Привязанность к этому запаху следовало, вне всяких сомнений, приписать детству на берегах Балтики, в отечестве странствующей сирены из стихотворения Монтале. У меня, однако, сомнения были. Хотя бы потому, что детство было не столь уж счастливым (и редко бывает, являясь школой беззащитности и отвращения к самому себе), а что до моря, то ускользнуть из моей части Балтики действительно мог только угорь. В любом случае, на предмет ностальгии детство тянуло с трудом. Я всегда знал, что источник этой привязанности где-то в другом месте, вне рамок биографии, вне генетического склада, где-то в гипоталамусе, где хранятся воспоминания наших хордовых предков об их родной стихии — например, воспоминания той самой рыбы, с которой началась наша цивилизация. Была ли рыба счастлива, другой вопрос.
Запах, в конечном счете, есть нарушение кислородного баланса, вторжение в него иных элементов — метана? углерода? серы? азота? В зависимости от объема вторжения получаем привкус — запах — вонь. Это все дело молекул, и, похоже, счастье есть миг; когда сталкиваешься с элементами твоего собственного состава в свободном состоянии. Тут их, абсолютно свободных, хватало, и я почувствовал, что шагнул в собственный портрет, выполненный из холодного воздуха.

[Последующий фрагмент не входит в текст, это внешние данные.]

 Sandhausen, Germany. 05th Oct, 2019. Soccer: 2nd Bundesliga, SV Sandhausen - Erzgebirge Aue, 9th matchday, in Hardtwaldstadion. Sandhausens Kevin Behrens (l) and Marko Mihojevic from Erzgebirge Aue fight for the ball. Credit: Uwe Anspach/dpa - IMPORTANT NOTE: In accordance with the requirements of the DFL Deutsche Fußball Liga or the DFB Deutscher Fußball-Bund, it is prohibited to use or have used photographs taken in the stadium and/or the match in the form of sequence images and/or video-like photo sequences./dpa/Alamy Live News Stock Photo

Весь задник был в темных силуэтах куполов и кровель; мост нависал над черным изгибом водной массы, оба конца которой обрезала бесконечность. Ночью в незнакомых краях бесконечность начинается с последнего фонаря, и здесь он был в двадцати метрах. Было очень тихо. Время от времени тускло освещенные моторки проползали в ту или другую сторону, дробя винтами отражение огромного неонового CINZANO, пытавшегося снова расположиться на черной клеенке воды. Тишина возвращалась гораздо раньше, чем ему это удавалось.

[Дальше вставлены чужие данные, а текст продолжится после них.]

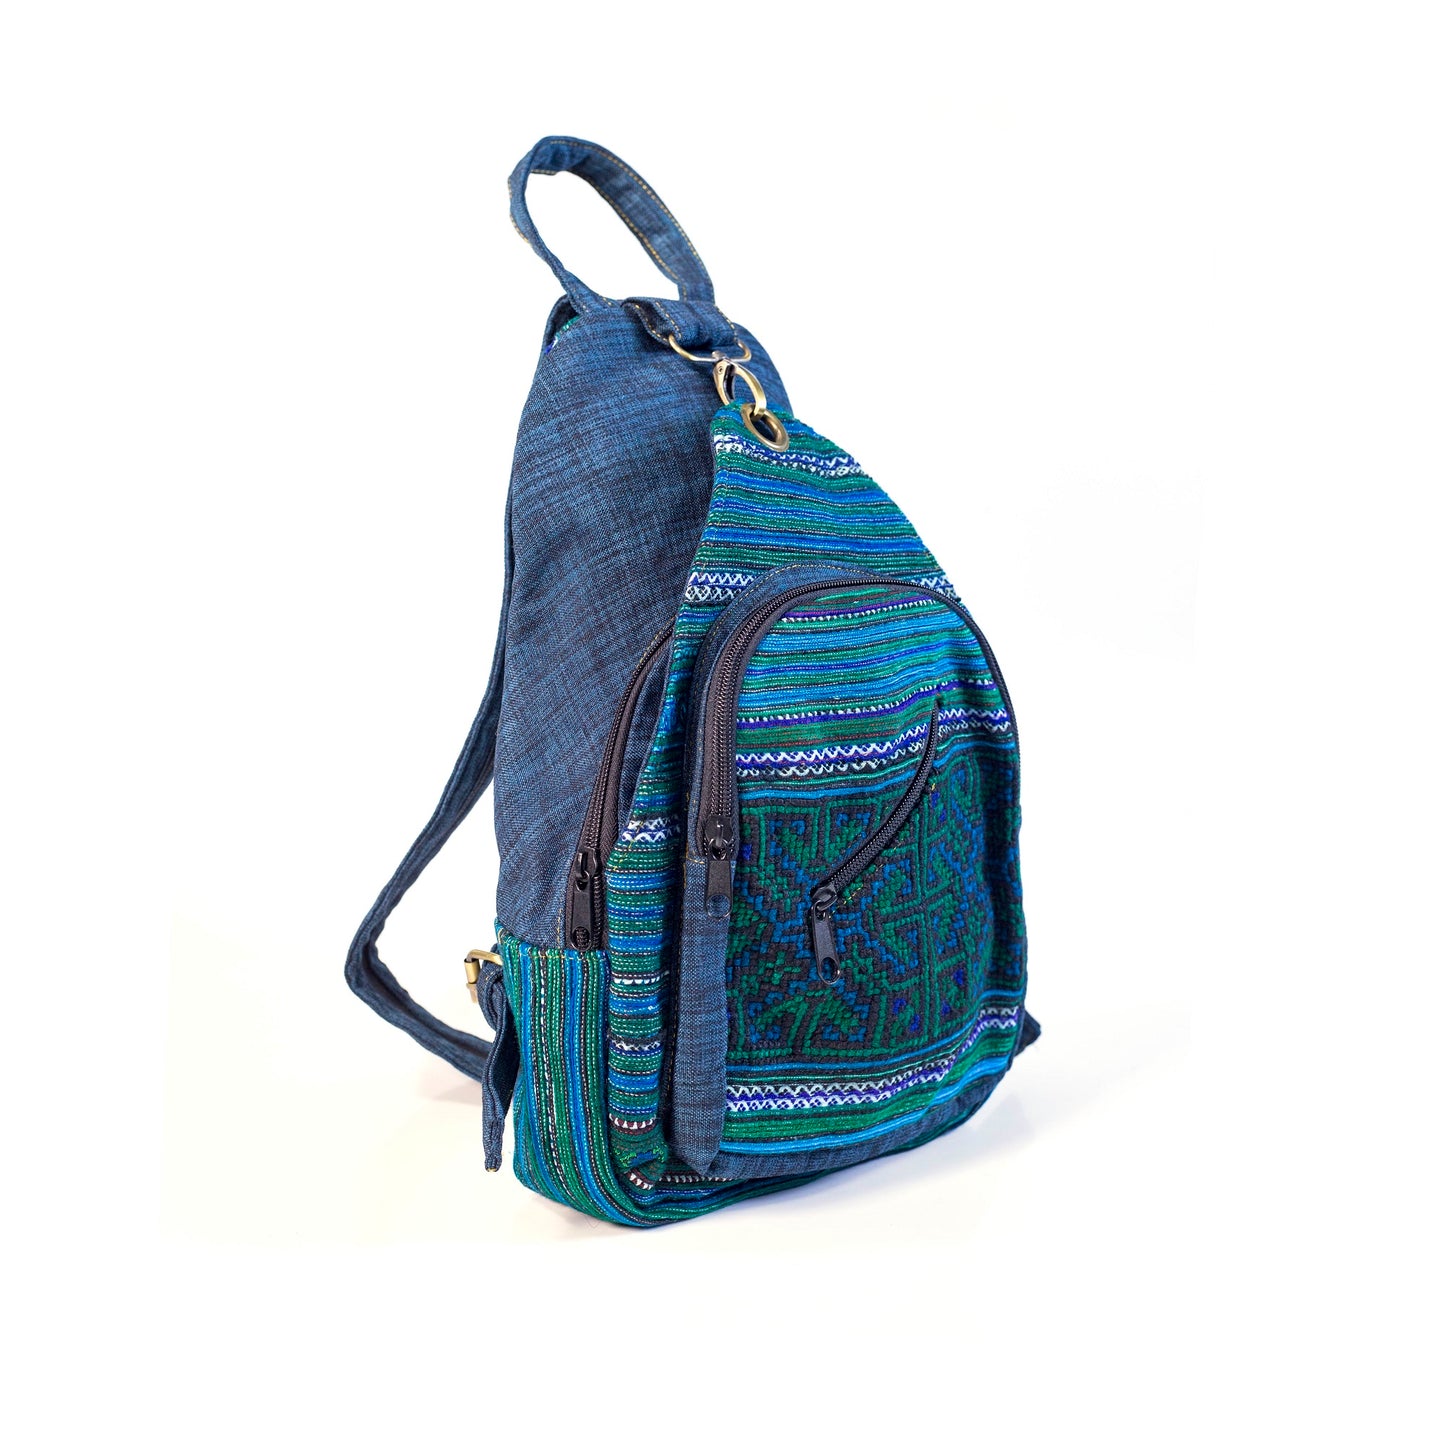 Multi-purpose backpack and sling, blue hand-embroidery fabric, dark blue trim

Все отдавало приездом в провинцию — в какое-нибудь незнакомое, захолустное место — возможно, к себе на родину, после многолетнего отсутствия. Не в последнюю очередь это объяснялось моей анонимностью, неуместностью стоящей на ступенях stazione одинокой фигуры: удобной для забвения мишени. К тому же была зимняя ночь. И я вспомнил первую строчку стихотворения Умберто Сабы, которое когда-то давно, в предыдущем воплощении, переводил на русский: «В глубине Адриатики дикой...». В глубине, думал я, в глуши, в забытом углу дикой Адриатики... Стоило лишь оглянуться, чтобы увидать stazione во всем ее прямоугольном блеске неона и городского шика, увидать печатные буквы: VENEZIA. Но я не оглядывался. Небо было полно зимних звезд, как часто бывает в провинции. Казалось, в любую минуту вдали мог залаять пес, не исключался и петух. Закрыв глаза, я представил себе пучок холодных водорослей, распластанный на мокром, возможно — обледеневшем камне где-то во вселенной, безразличный к тому — где. Камнем был как бы я, пучком водорослей — моя левая кисть. Затем ниоткуда возникла широкая крытая баржа, помесь консервной банки и бутерброда, и глухо ткнулась в причал stazione. Горстка пассажиров выбежала на берег и устремилась мимо меня к станции. Тут я увидел единственное человеческое существо, которое знал в этом городе; картина была сказочная.
Впервые я ее увидел за несколько лет до того, в том самом предыдущем воплощении: в России. Тогда картина явилась в облике славистки, точнее, специалистки по Маяковскому. Последнее чуть не зачеркнуло картину как объект интереса в глазах моей компании. Что этого не случилось, было мерой ее обозримых достоинств. 180 см, тонкокостная, длинноногая, узколицая, с каштановой гривой и карими миндалевидными глазами, с приличным русским на фантастических очертаний устах и с ослепительной улыбкой там же, в потрясающей, плотности папиросной бумаги, замше и чулках в тон, гипнотически благоухавшая незнакомыми духами,— картина была, бесспорно, самым элегантным существом женского пола, умопомрачительная нога которого когда-либо ступала в наш круг. Она была из тех, кто увлажняет сны женатого человека. Кроме того, венецианкой.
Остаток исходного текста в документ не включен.